▸ **DATASET SECTION**
##############################

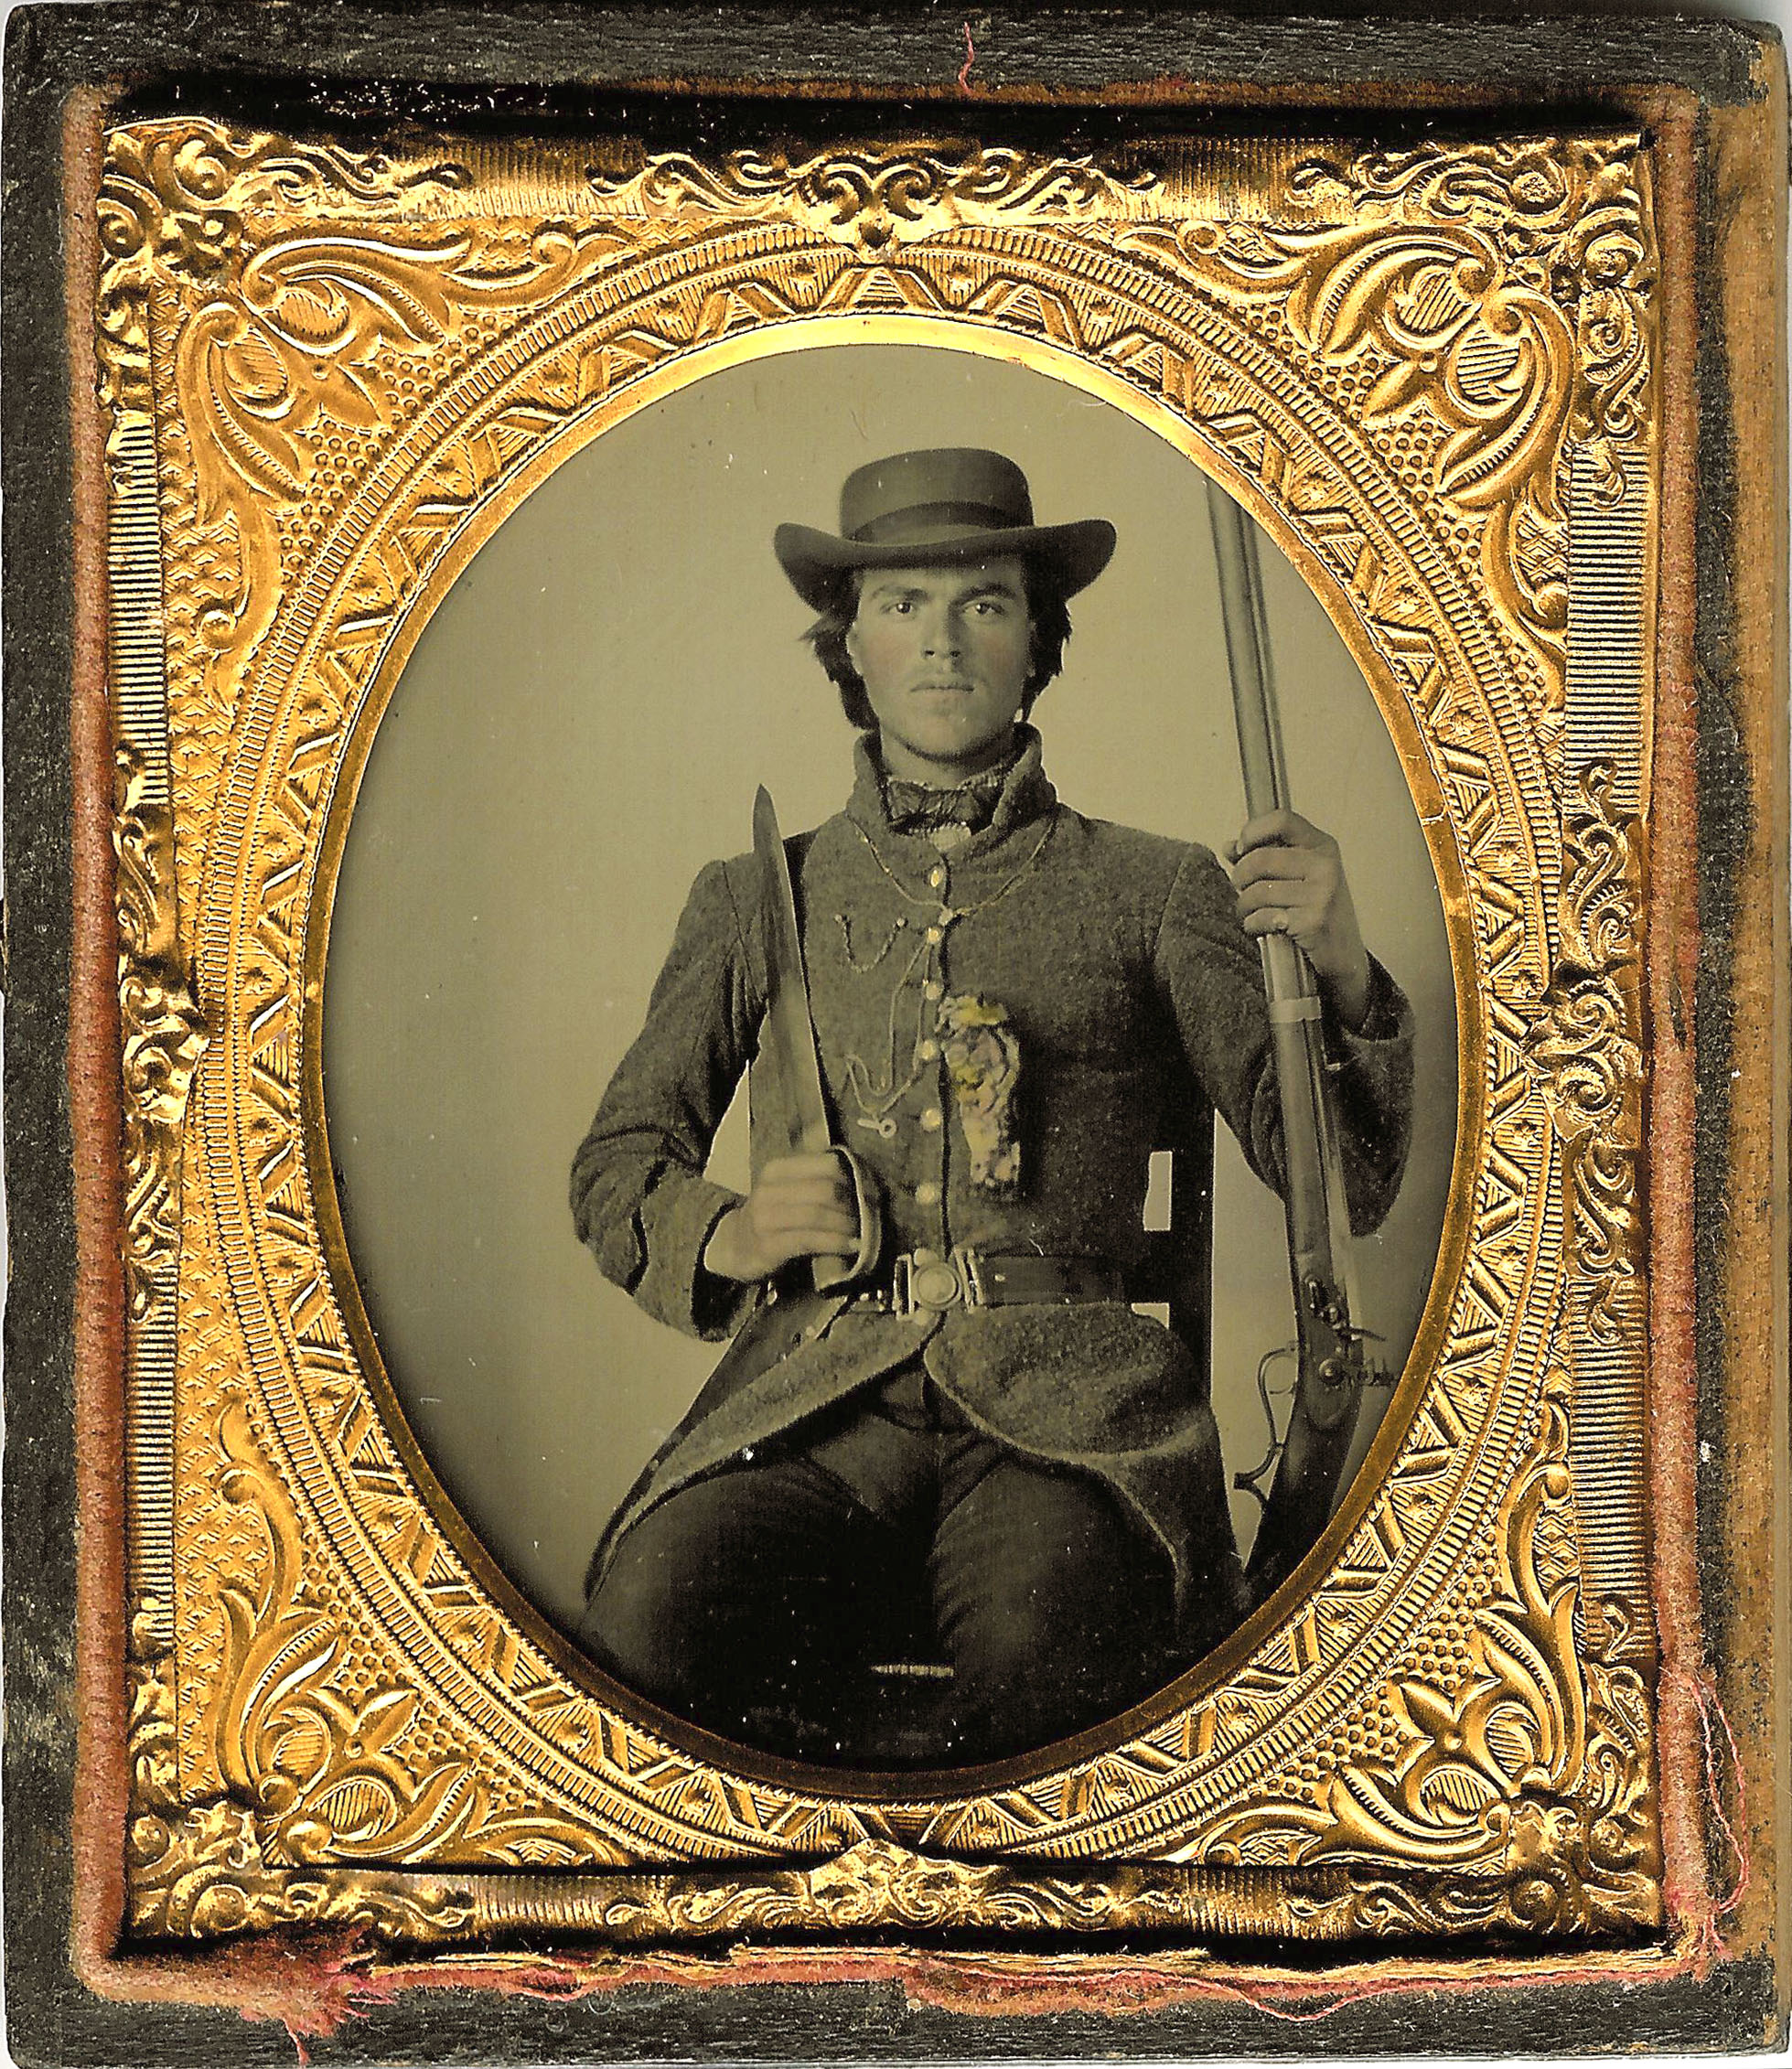 Civil War Photos and Relics
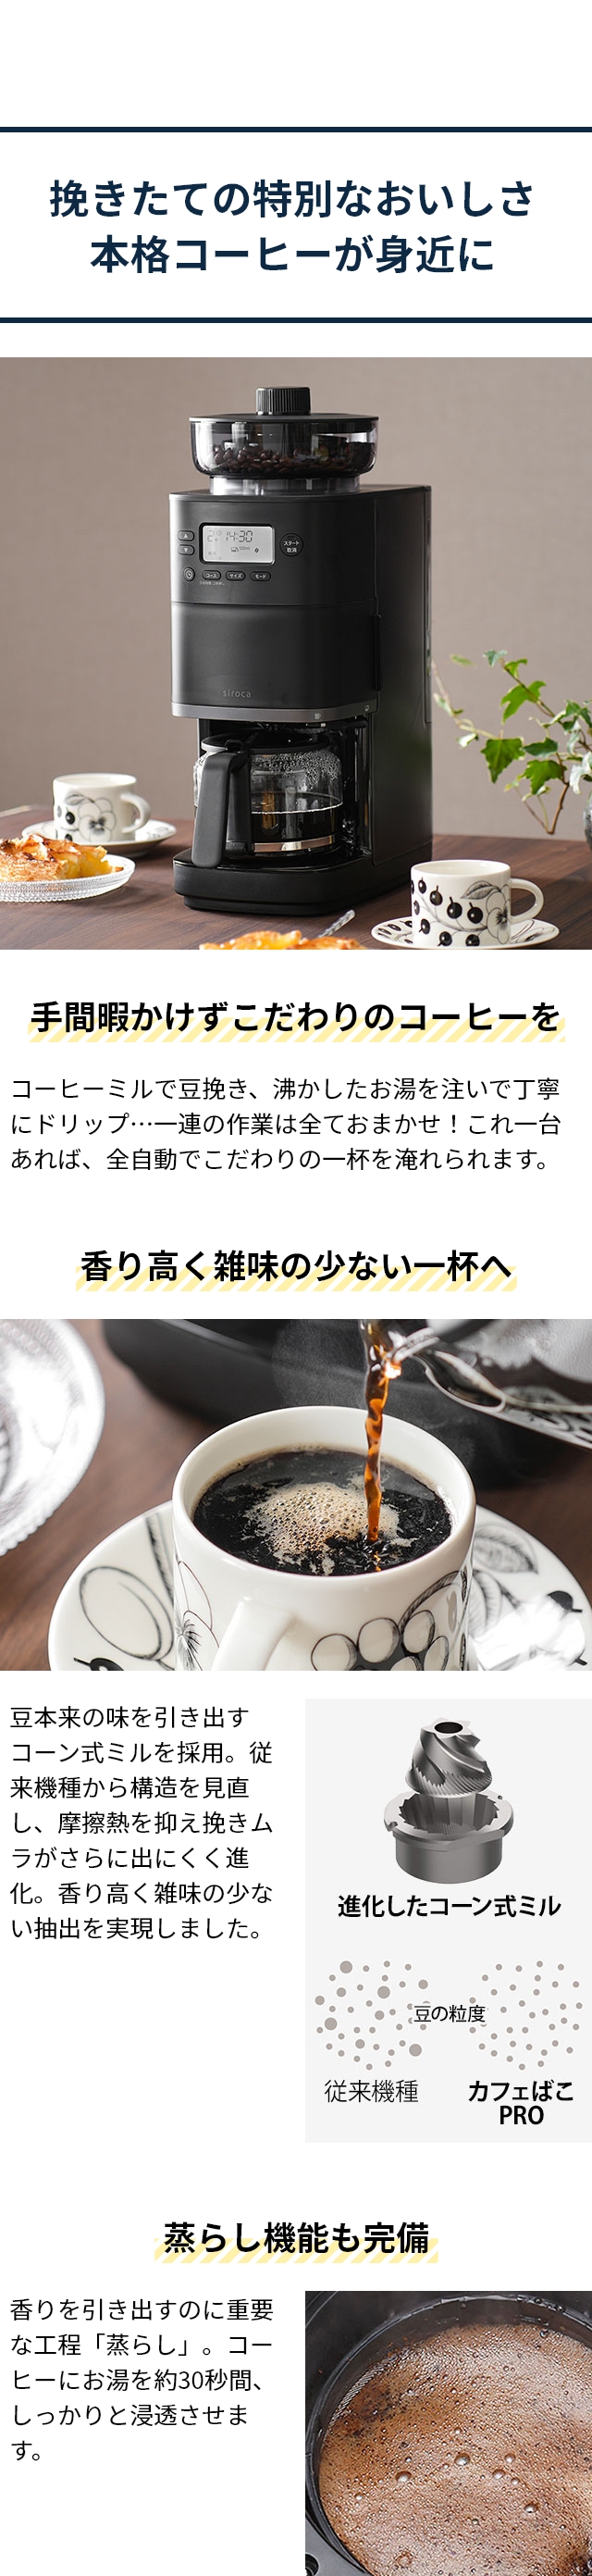 シロカ 【4つから選べる2大特典】 全自動コーヒーメーカー コーン式全
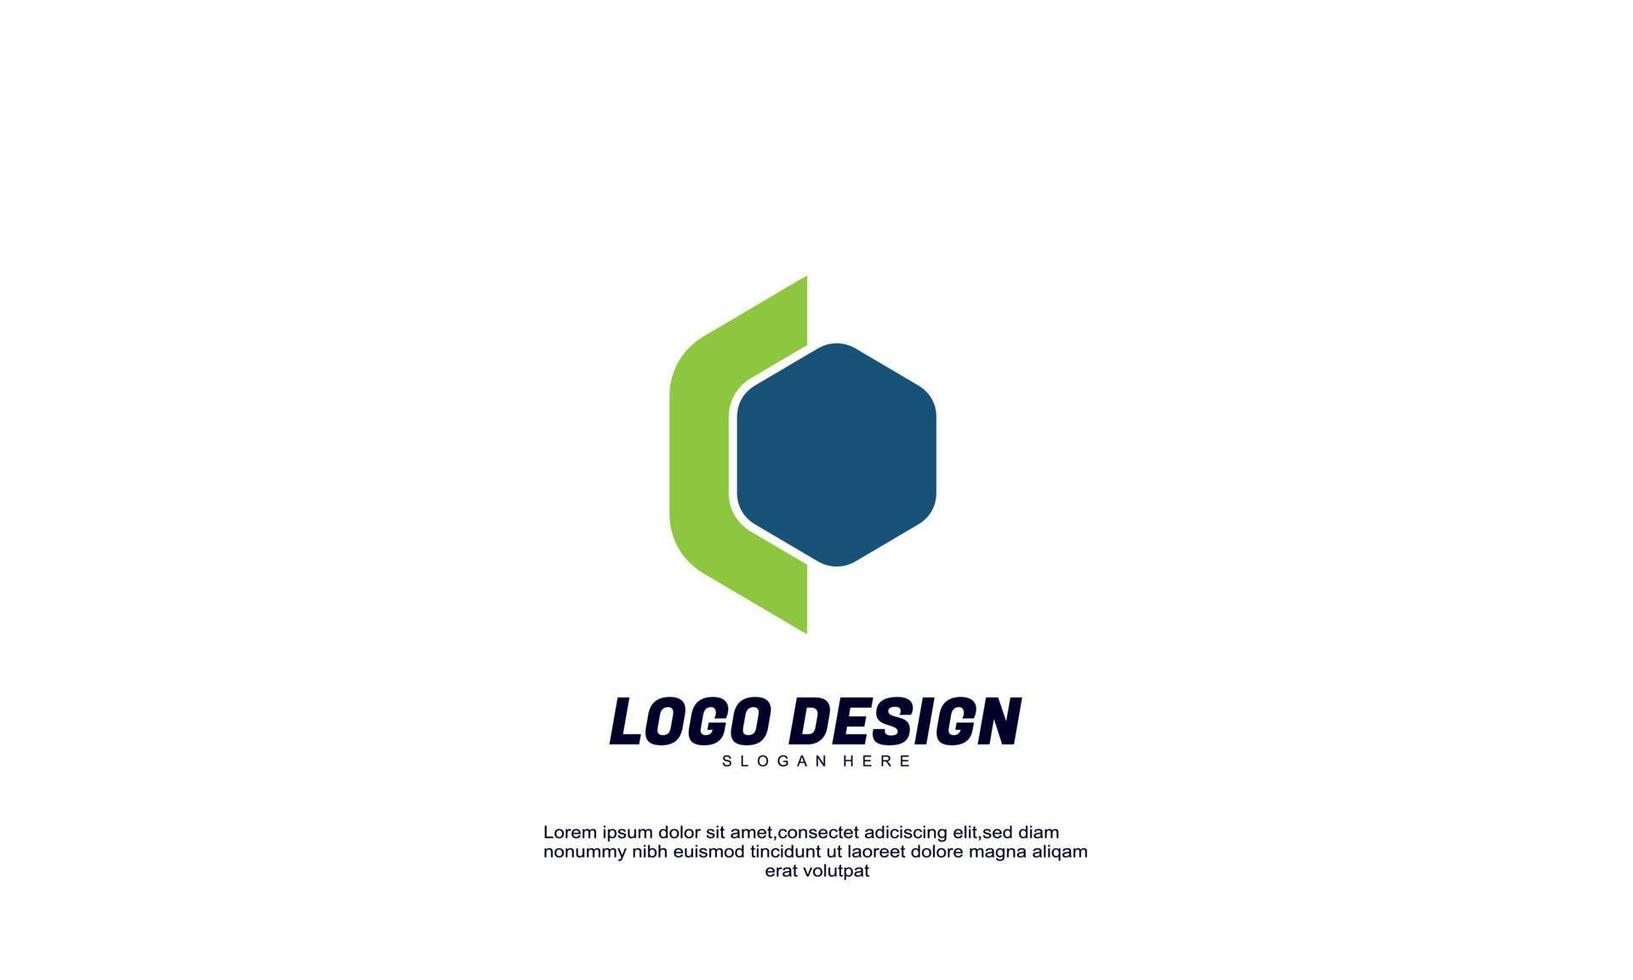 idée créative abstraite logo identité de marque pour le modèle de conception de logo de société de financement économique coloré vecteur

##############################

▸ **EXERCISE OBJECTIVE**
The copy must start at the line containing "シロカ 【4つから選べる2大特典】 全自動コーヒーメーカー コーン式全" and end at the last line of the data, matching each line exactly. It must hold no pictures.

▸ **TASK SOLUTION**
 シロカ 【4つから選べる2大特典】 全自動コーヒーメーカー コーン式全
 idée créative abstraite logo identité de marque pour le modèle de conception de logo de société de financement économique coloré vecteur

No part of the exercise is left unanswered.